Well, the first post-April bill has now arrived, and it is €10 less than the last one (almost identical consumption) - so thus far, at least, in respect of my bill, they were right. That represents a fraction over 10% off my bill.

I see from the press that UK utility companies are being urged to cut prices because wholesale energy costs have fallen sharply, so can we expect these lower prices to continue for a bit longer?


----------



## gus-lopez (Jan 4, 2010)

Lynn R said:


> Well, the first post-April bill has now arrived, and it is €10 less than the last one (almost identical consumption) - so thus far, at least, in respect of my bill, they were right. That represents a fraction over 10% off my bill.
> 
> I see from the press that UK utility companies are being urged to cut prices because wholesale energy costs have fallen sharply, so can we expect these lower prices to continue for a bit longer?


Mine arrived this morning complete with letter stating that the regulation was introduced on April 1st & will be applied to the first trimestre after . So, according to Iberdrola they'll be refunding & or adjusting against the first bill after the 1st July. Which means that the next meter reading is end of july so we will see early August. I actually had 2 women around from Iberdrola explaining about it & trying to get me to change over to fixed amount monthly. Thinking about it they'd like that as if they get you 'overpaying' then balance up at year end they 're getting interest free loans.:nono:


----------



## Lynn R (Feb 21, 2014)

gus-lopez said:


> Mine arrived this morning complete with letter stating that the regulation was introduced on April 1st & will be applied to the first trimestre after . So, according to Iberdrola they'll be refunding & or adjusting against the first bill after the 1st July. Which means that the next meter reading is end of july so we will see early August. I actually had 2 women around from Iberdrola explaining about it & trying to get me to change over to fixed amount monthly. Thinking about it they'd like that as if they get you 'overpaying' then balance up at year end they 're getting interest free loans.:nono:


I don't intend changing to the fixed rate, like you I suspect it will lead to people overpaying. When I notified my UK utility company that I was leaving the country it transpired that my account was in credit by over £300, but of course they'd never reduced my monthly direct debit payment, quite the opposite. They did refund the money, but certainly didn't pay me interest for having sat on that money all along!


----------



## Lynn R (Feb 21, 2014)

I received my refund advice from Endesa today - €22.90. Thank you very much Sr. Rajoy for making those nasty electricity companies pay back what they'd overcharged us!

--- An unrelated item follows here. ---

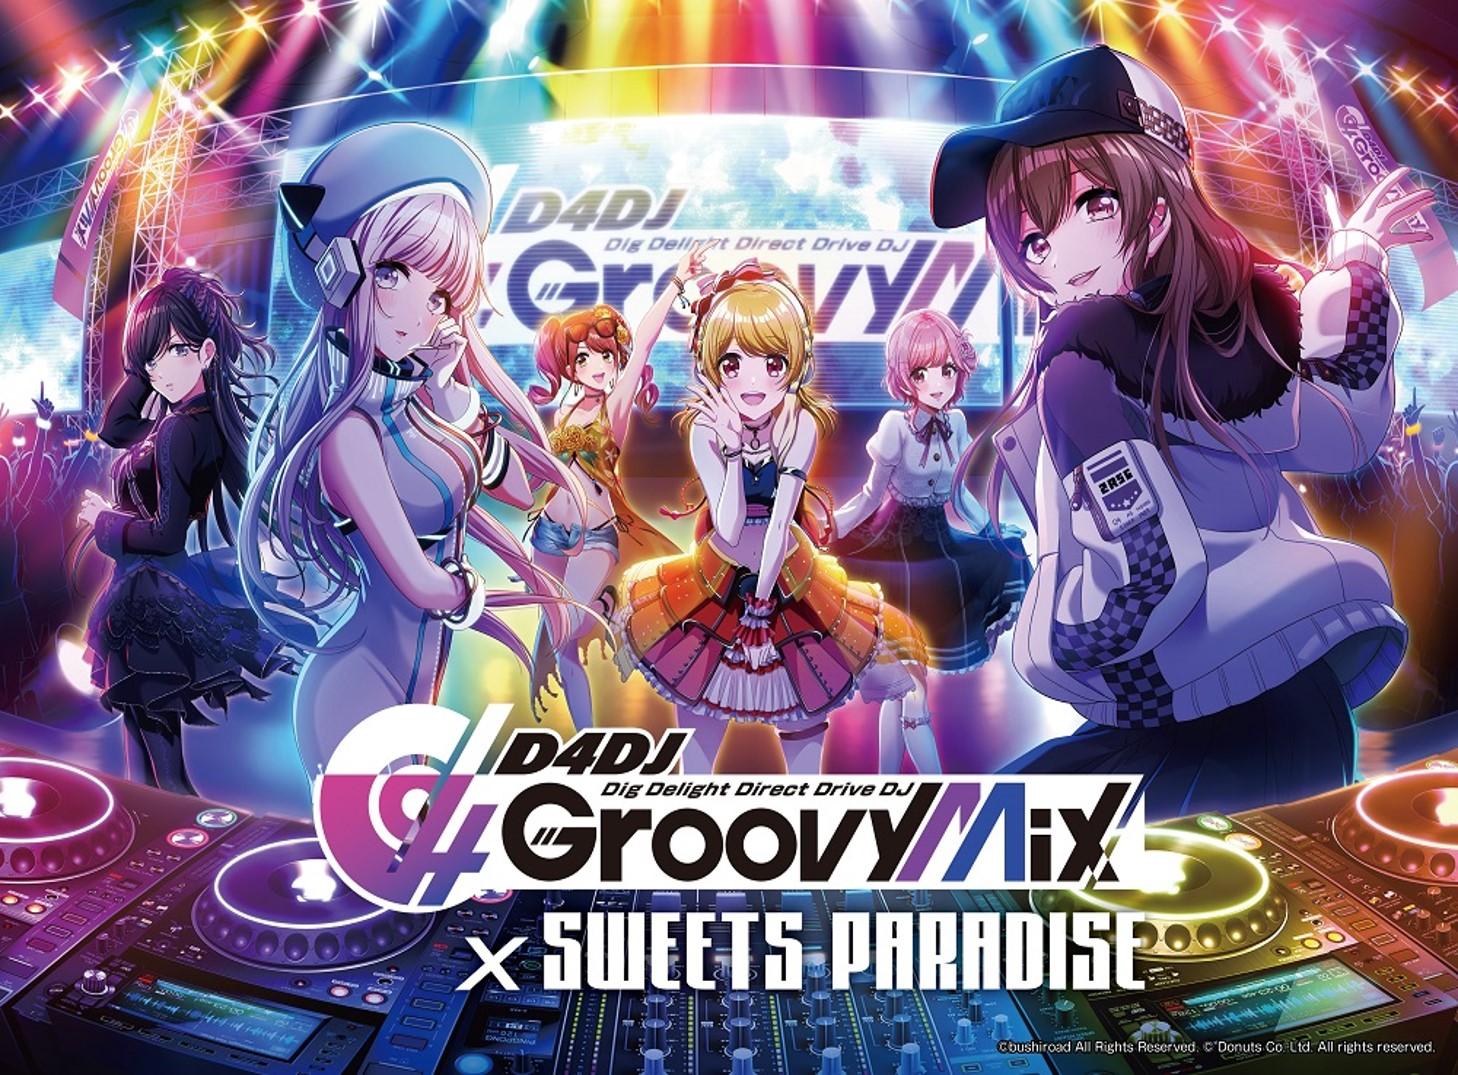 「D4DJ Groovy Mix」とスイーツパラダイスとのコラボカフェ開催中!

It must be my lucky day - the IBI bill arrived as well, and I'm to get an additional subvencion from the Diputacion de Malaga of €32.90 (in addition to the €241.72 discount that I get from the Ayuntamiento).

As they promised earlier in the year, the Ayuntamiento have reduced the catastral values by 27% as well - should be good news as it would reduce plus valia and inheritance tax liabilities for residents here, plus it means that anyone buying a house will be less likely to be hit by demands from Hacienda for additional transfer tax, as catastral values had risen well above current property market prices in the area.


----------



## Alcalaina (Aug 6, 2010)

:thumb: Don't spend it all at once!


----------



## el romeral (May 8, 2012)

A few days ago I received 170E back from Endesa due to overpayment. I cannot believe how hopeless and incompetent this company are. Still, I am glad of my rebate as I used it to treat myself to a cement mixer. Let the building commence.......


----------



## Alcalaina (Aug 6, 2010)

Anyone had a refund from CHC Energía yet?


----------